On Feb 20, 2006, at 5:19 PM, bulia byak wrote:
On 2/20/06, Jon A. Cruz <jon@...18...> wrote:
For that entry problem, go ahead and file a bug report that Inkscape's input does not allow private use area characters to be entered. That, at least, can be fixed in Inkscape's code.
Maybe it can, but it's not the right way to do it. We use a library function to check whether a character is printable, so the right way is to raise this issue with the library maintainers.
No,
I actually checked into this. The library is doing the right thing.
In and of itself, any private use character could be printable or non- printable, and is not covered by the specs or such functions.
If our application can deal with the Private Use Area (which I've verified we do), all we need to do is check for it. g_unichar_validate () then g_unichar_type(..) == G_UNICODE_PRIVATE_USE will take care of things the right way.
Aside from other issues, this makes Inkscape's input behavior consistent with other systems, including the built-in OS X method. (Tricky to find, but easy to use once it's checked). Of course, this led me to wonder if we might want to warn upon insertion of a Private Use Area character.

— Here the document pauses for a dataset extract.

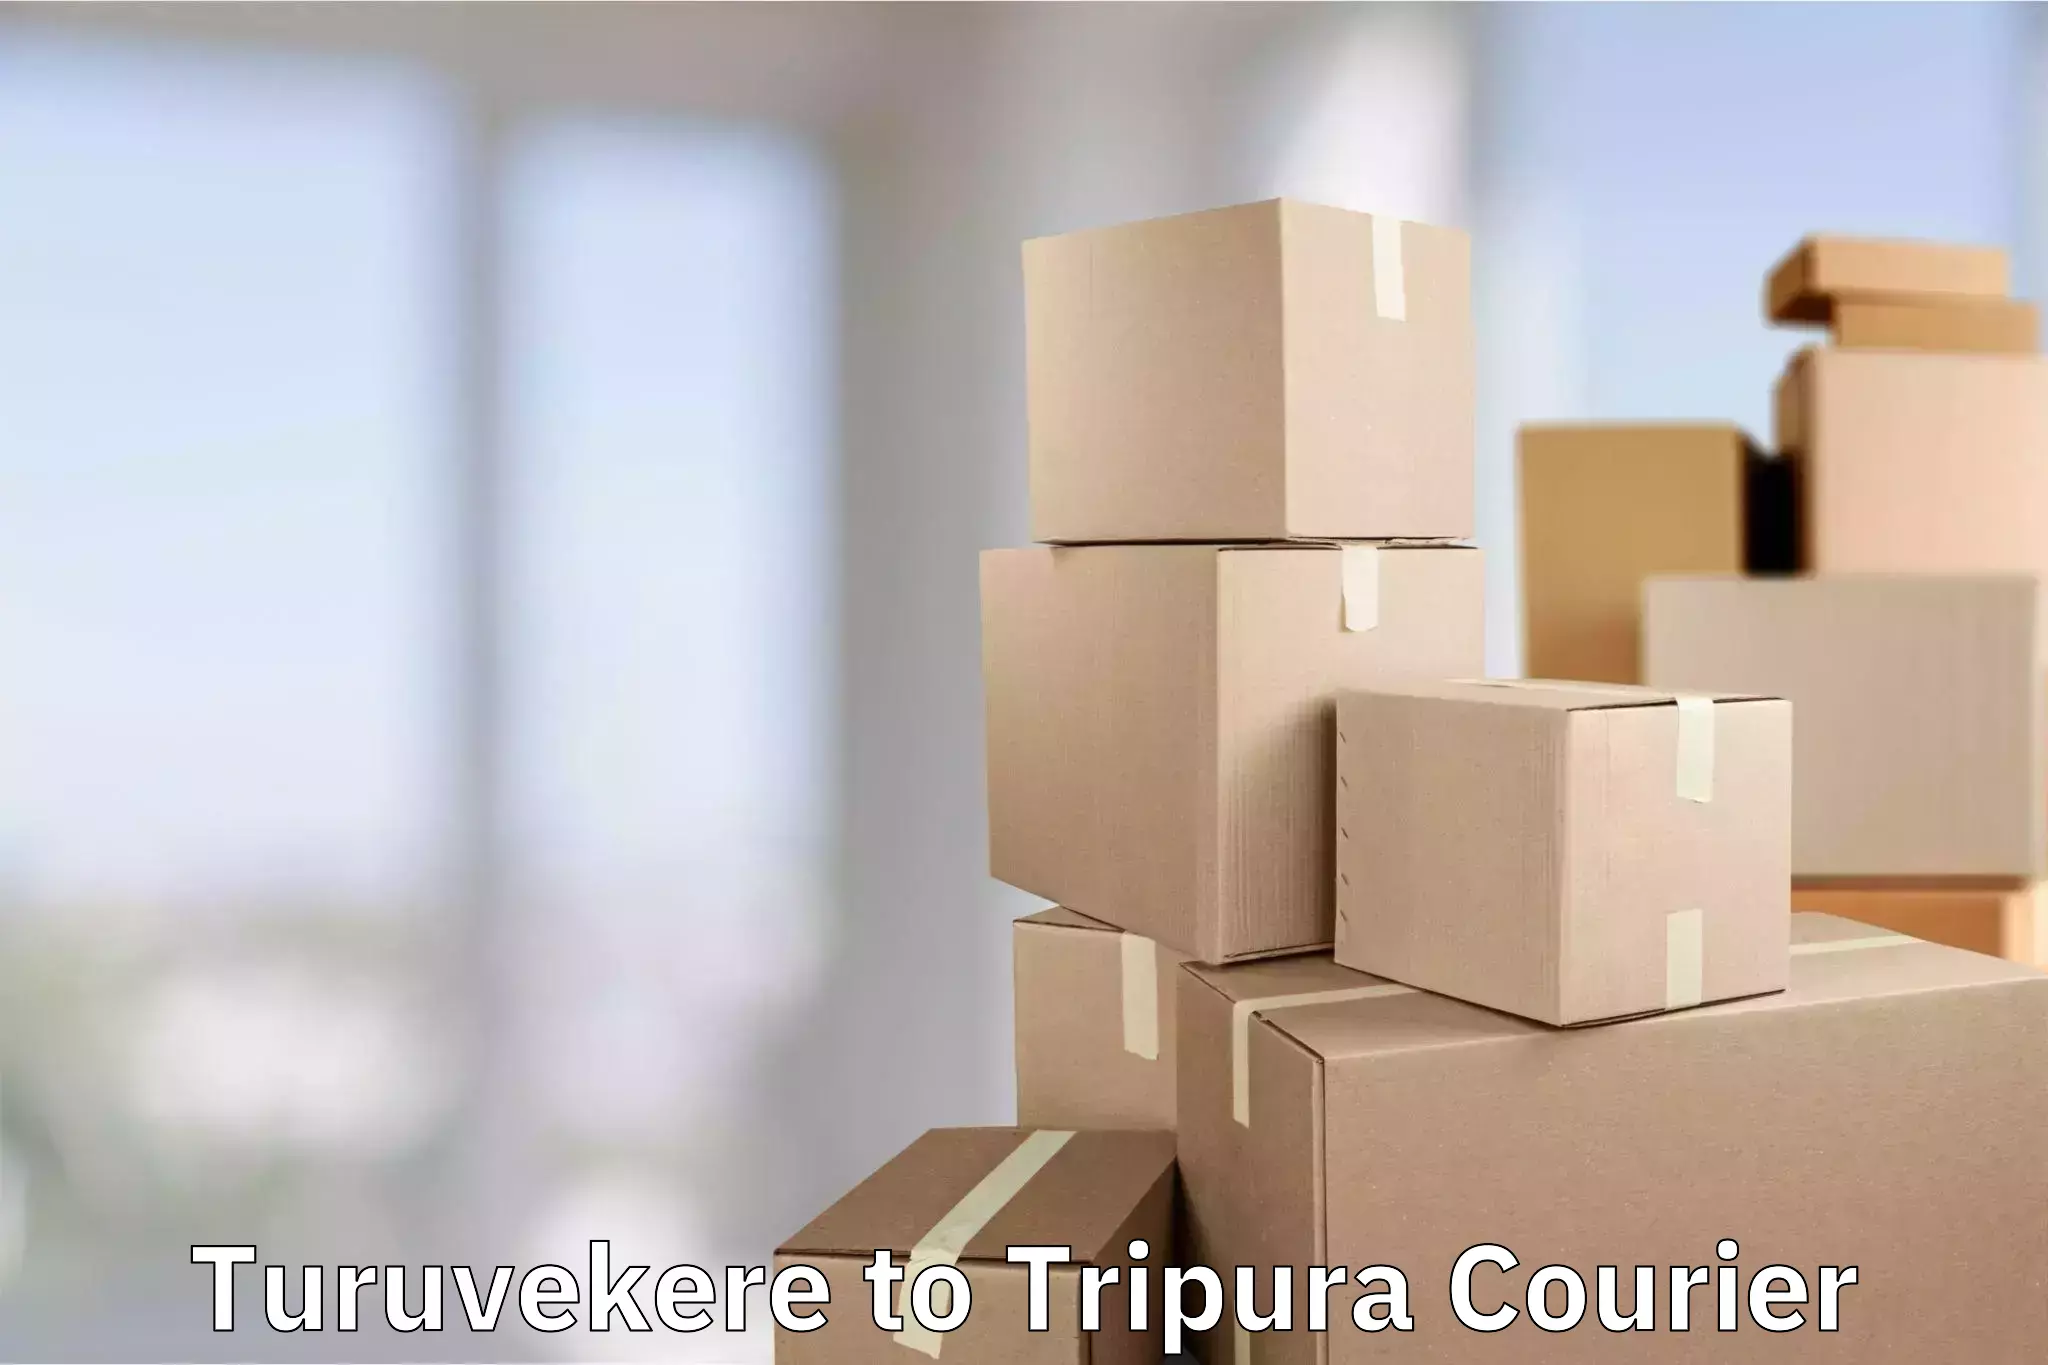 Luggage transport consulting Turuvekere to Udaipur Tripura

I'm attaching a quick sample that shows the use of two private area characters (the second being the Apple glyph). This is happy-happy for me here in Inkscape and FireFox.
oops. Forgot the file
On Feb 20, 2006, at 5:58 PM, Jon A. Cruz wrote:
On Feb 20, 2006, at 5:19 PM, bulia byak wrote:
On 2/20/06, Jon A. Cruz <jon@...18...> wrote:
For that entry problem, go ahead and file a bug report that Inkscape's input does not allow private use area characters to be entered. That, at least, can be fixed in Inkscape's code.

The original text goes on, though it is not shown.